I don’t know much about Brisbane, Australia’s Cedarsmoke. So I apologize if this review comes off a bit Law & Order-ish, a show which I can’t claim to have ever seen an entire episode of but have only caught bits and pieces of in places like bars, hospital waiting rooms and the occasional visit to the nursing home back a ways when my grandparents were still alive.
What I do know is that Cedarsmoke plays a form of down tempo psych-infused indie rock that is easily palatable. Their curt bio describes their six-song EP (is it their debut? third? fifth?) False Start to the Rat Race as “six songs played by five people, recorded live.” And bravo to such an interesting and witty title as False Start to the Rat Race which offers a few clues to the mystery of which we are about to delve into.
For what is the “rat race” but a comical analogy for most of the world’s daily life? We wake. We rush to punch the clock in order to be able to fill our lives with the countless amounts of trash being thrown at us. The forty-plus-hour work week pays for our comfortable beds, our expensive drinks, our virtual realities which helps us escape from our real ones. They provide a momentary escape from the plebeian doldrums many of us find ourselves in; are you living to work or just working to live?
This seems to be the question asked on “Wasteland Blues” the opening track of False Start to the Rat Race. Ethereal and angry guitars mesh with the opening lyrics “It’s a small world if you have big dreams / But all I want is a shirt on my back and a place to sleep / I don’t need to own land I won’t have time to roam,” sung by…let’s call him X (I have by this point abandoned my detective show gig and going along with something a little more off the cuff. Think of this as a Shakespearean aside and bear with me. A rose by any other name and all that…).

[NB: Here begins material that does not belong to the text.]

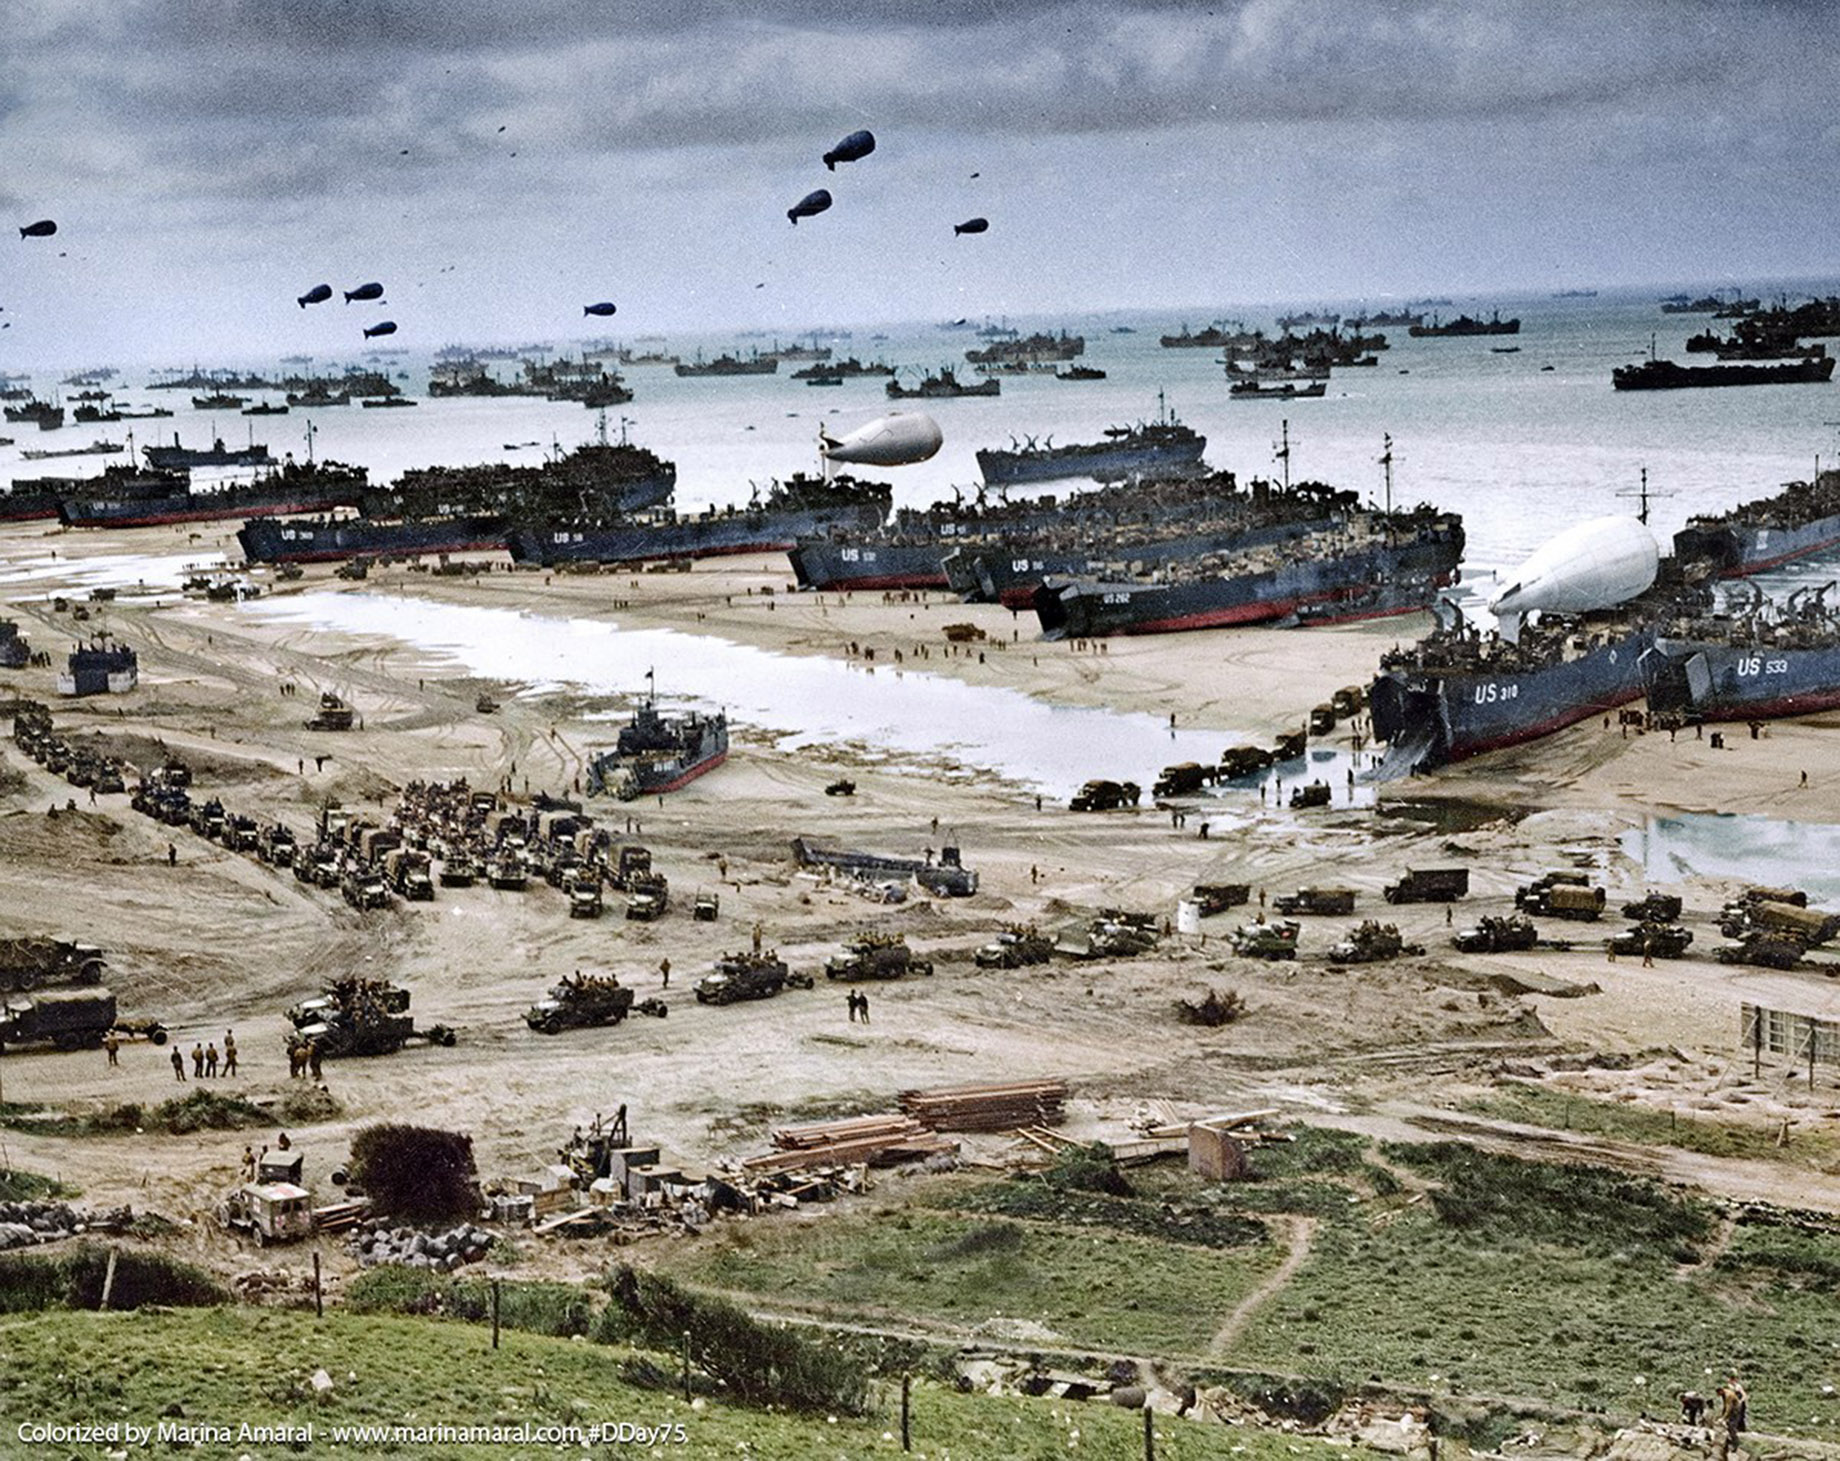 D-Day Normandy Beach Operation Overlord Landing Site During World War II on Tuesday, June 6, 1944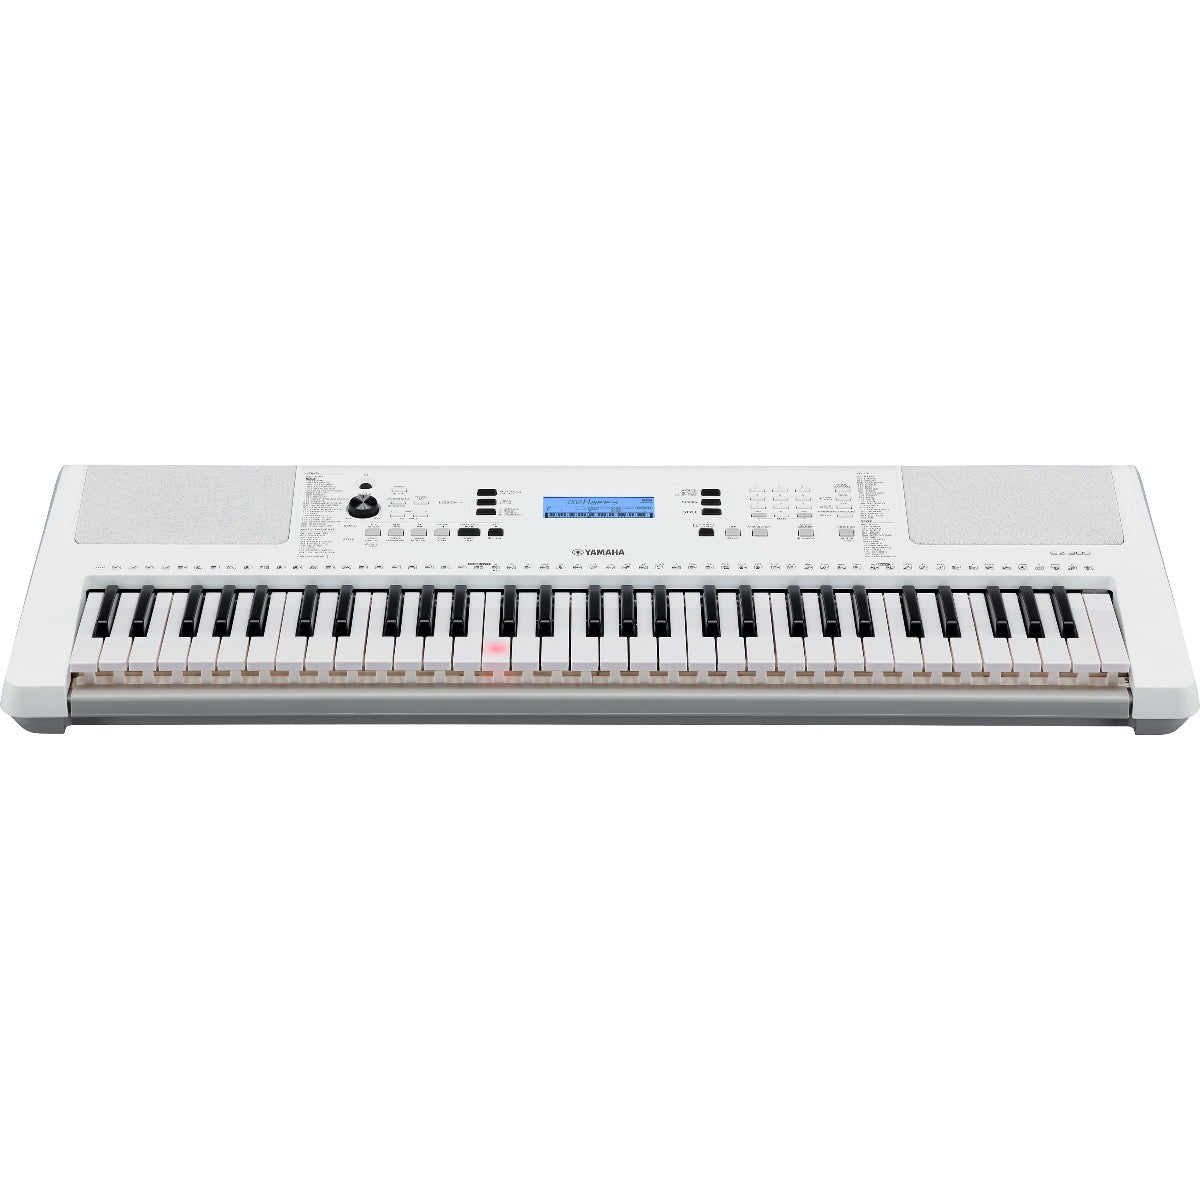 Perspective view of Yamaha EZ-300 Portable Keyboard showing top and front

The sweet and catchy yet superfluously noisy “Hollow” our friend X with his angsty and scratchy vocals sounds like a man that has just woken up and hasn’t had coffee yet. He also sounds like he has been screaming all night and now, still trying to venerate himself is stumbling around trying to get his point across. Behind all this wandering madness is a synthesizer that sounds like a four thousand strong child choir and delicious drum fills, and a waterfall of effects-the fuck out- guitars. Old X doesn’t disappoint on the drunken and spacey rant of “Just Say So” a song I felt myself taking to heart. Here X, (yes we’re at it again with this) gets down to it, calling it out with “why don’t you just say so.” Easier said than done my friend as you probably know.
False Start to the Rat Race is a record filled with tumultuousness of every kind. It’s an ode, a paean to what many of us feel; the world is shit but we’re not ready to die yet so we’re just gonna keep dealing until we do. It’s fun and angst ridden and pretty rocking. If you’ve ever begun a sentence with “I hate…” give False Start to the Rat Race a few moments of your time.